GAN Training with Tensorflow 1.4 inside Docker Stops without Prompting and without Releasing Memory connected to VM with SSH Connection

Question

Project Detail

I am running open source code of A GAN based Research Paper named "Investigating Generative Adversarial Networks based Speech Dereverberation for Robust Speech Recognition"
source code: here
The dependencies include:

Python 2.7
TensorFlow 1.4.0

I pulled a Docker Image of TensorFlow 1.4.0 with python 2.7 on my GPU Virtual Machine Connected with ssh connection with this command :

docker pull tensorflow/tensorflow:1.4.0-gpu

I am running

bash rsrgan/run_gan_rnn_placeholder.sh

according to readme of source code

Issue's Detail

Everything is working, Model is Training and loss is decreasing, But there is only one issue that After some iterations terminal shows no output, GPU still shows PID but no Memory freed and sometime GPU-Utils becomes 0%. Training on VM's GPU and CPU are same case. It is not a memory issue Because GPU Memory usage by model is 5400MB out of 11,000MB and RAM for CPU is also very Big

When I ran 21 Iteration on my local Computer each iteration with 0.09 hours with 1st Gen i5 and 4GB RAM all iterations executed. But whenever I run it with ssh inside docker issue happens again and again with both GPU and CPU. Just keep in mind the issue is happening inside docker with computer connected with ssh and ssh is also not disconnect very often.

exact Numbers

If an iteration take 1.5 hour then issue happens after two to three iterations and if single iteration take 0.06 hours then issue happens exactly after 14 iteration out of 25

Hi! I have posted some suggestions. Feel free to drop a comment, will be happy to assist you further. Thanks. — Rishab P, Apr 04 '20 at 09:43

score 5 · Answer 1 · edited Jun 20 '20 at 09:12

Perform operations inside Docker container

The first thing you can try out is to build the Docker image and then enter inside the Docker container by specifying the -ti flag or /bin/bash parameter in your docker run command.
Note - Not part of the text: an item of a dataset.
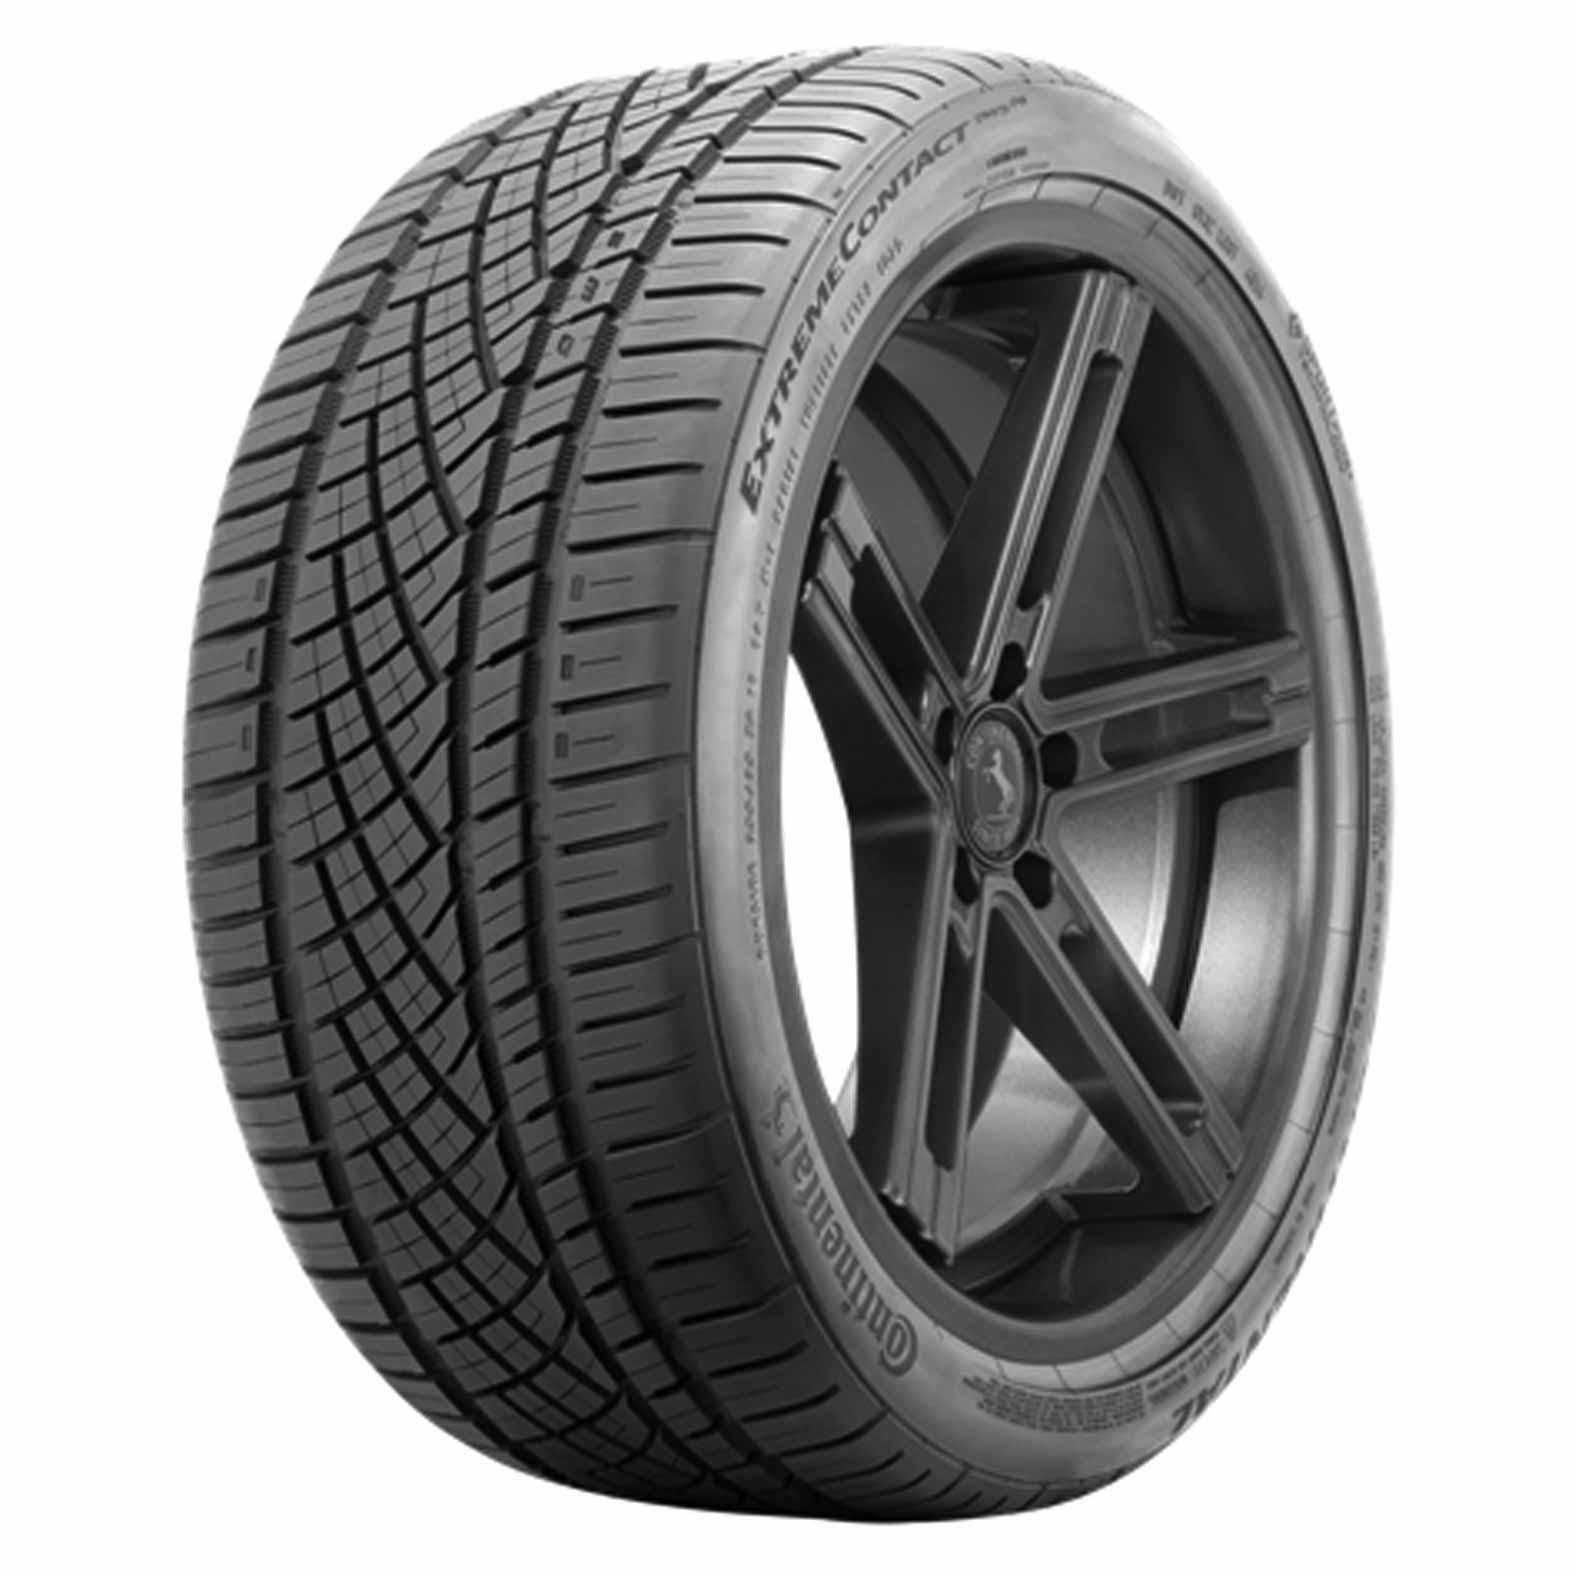 https://www kaltire com/en/services/passenger-tire

Clone the repository inside the container and while building the image you should also copy your training data from local to inside the docker. Run the training there and commit the changes so that you need not repeat the steps in future runs as after you exit from the container, all the changes are lost if not committed.

You can find the reference for docker commit here.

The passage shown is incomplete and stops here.